Some of the lines below need repeating. Reproduce exactly those between the lines holding "Team Fire Red" and "Flag of Saudi", inclusive.
(Dataset records Opens)
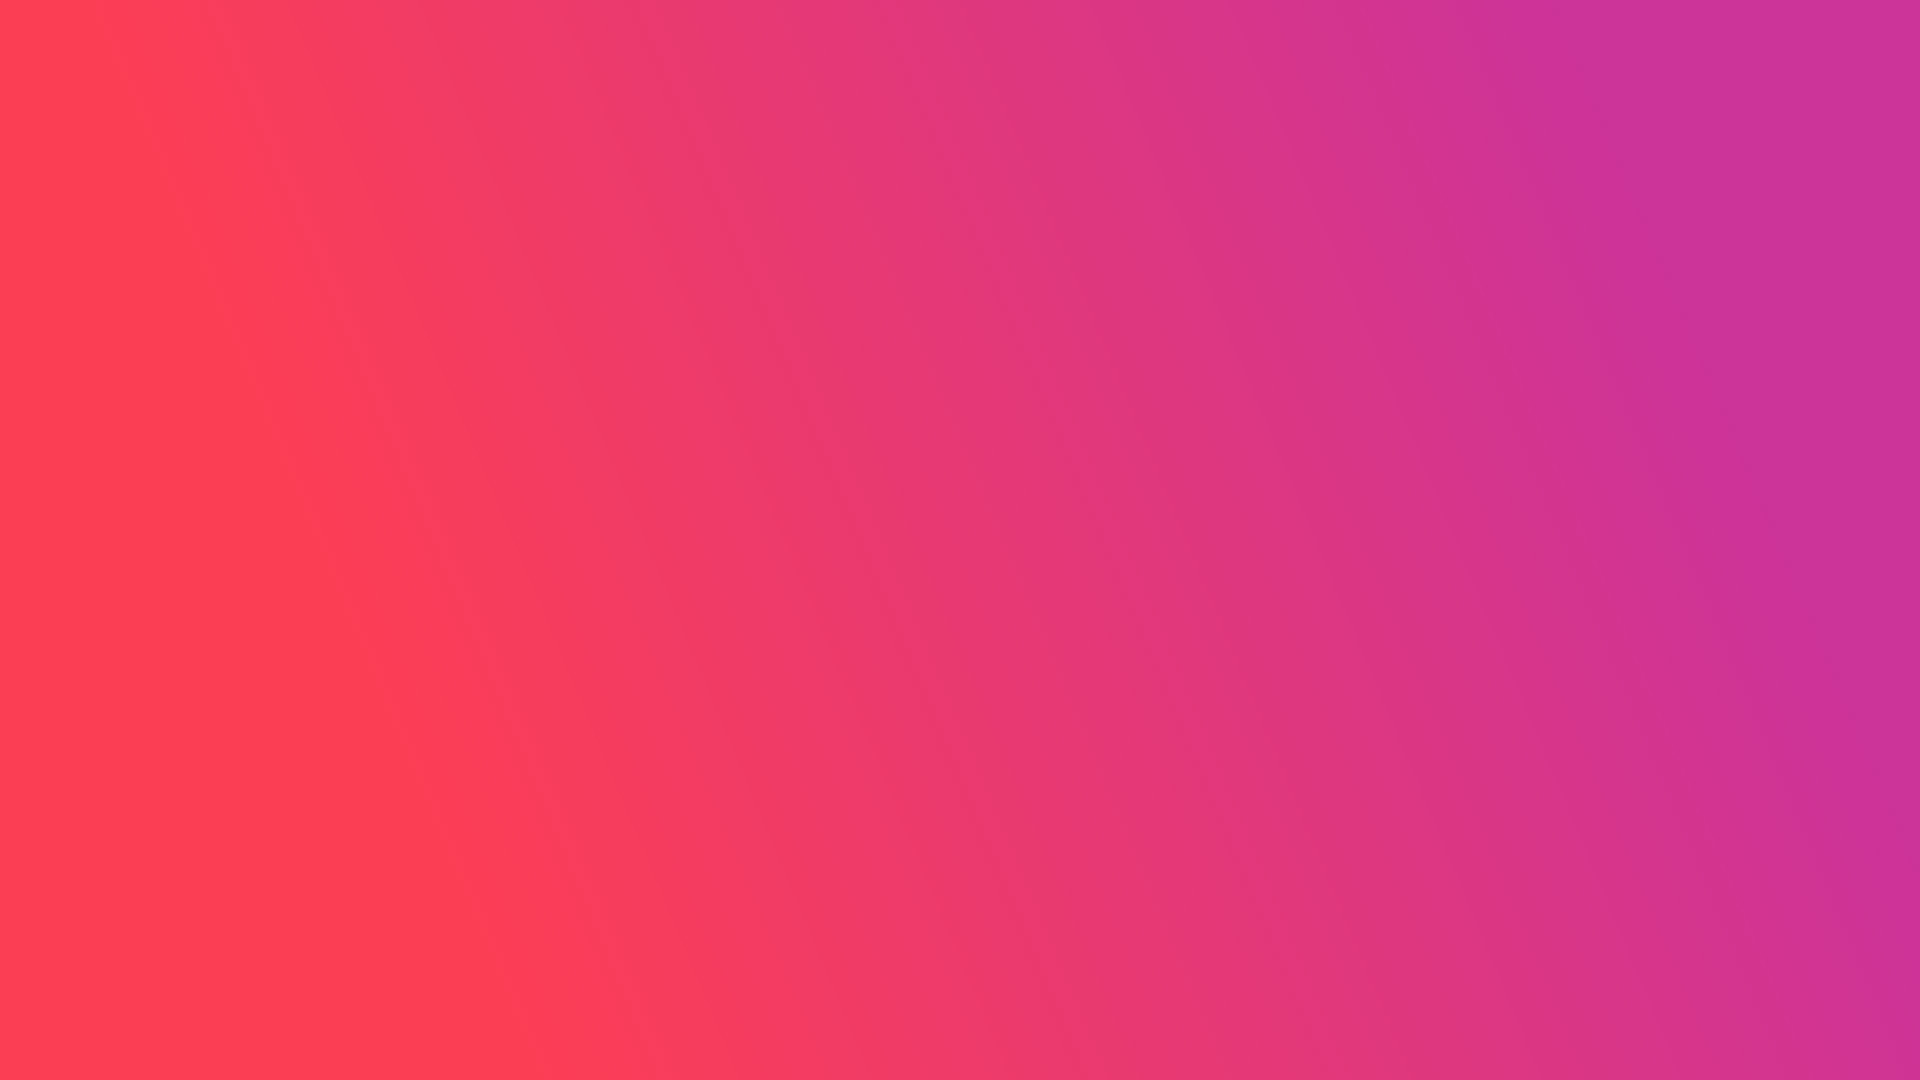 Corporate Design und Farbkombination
(Dataset records Closes)
(Dataset records Opens)
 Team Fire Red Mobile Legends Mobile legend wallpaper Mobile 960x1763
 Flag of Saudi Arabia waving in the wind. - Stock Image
(Dataset records Closes)
#### Answer below
 Team Fire Red Mobile Legends Mobile legend wallpaper Mobile 960x1763
 Flag of Saudi Arabia waving in the wind. - Stock Image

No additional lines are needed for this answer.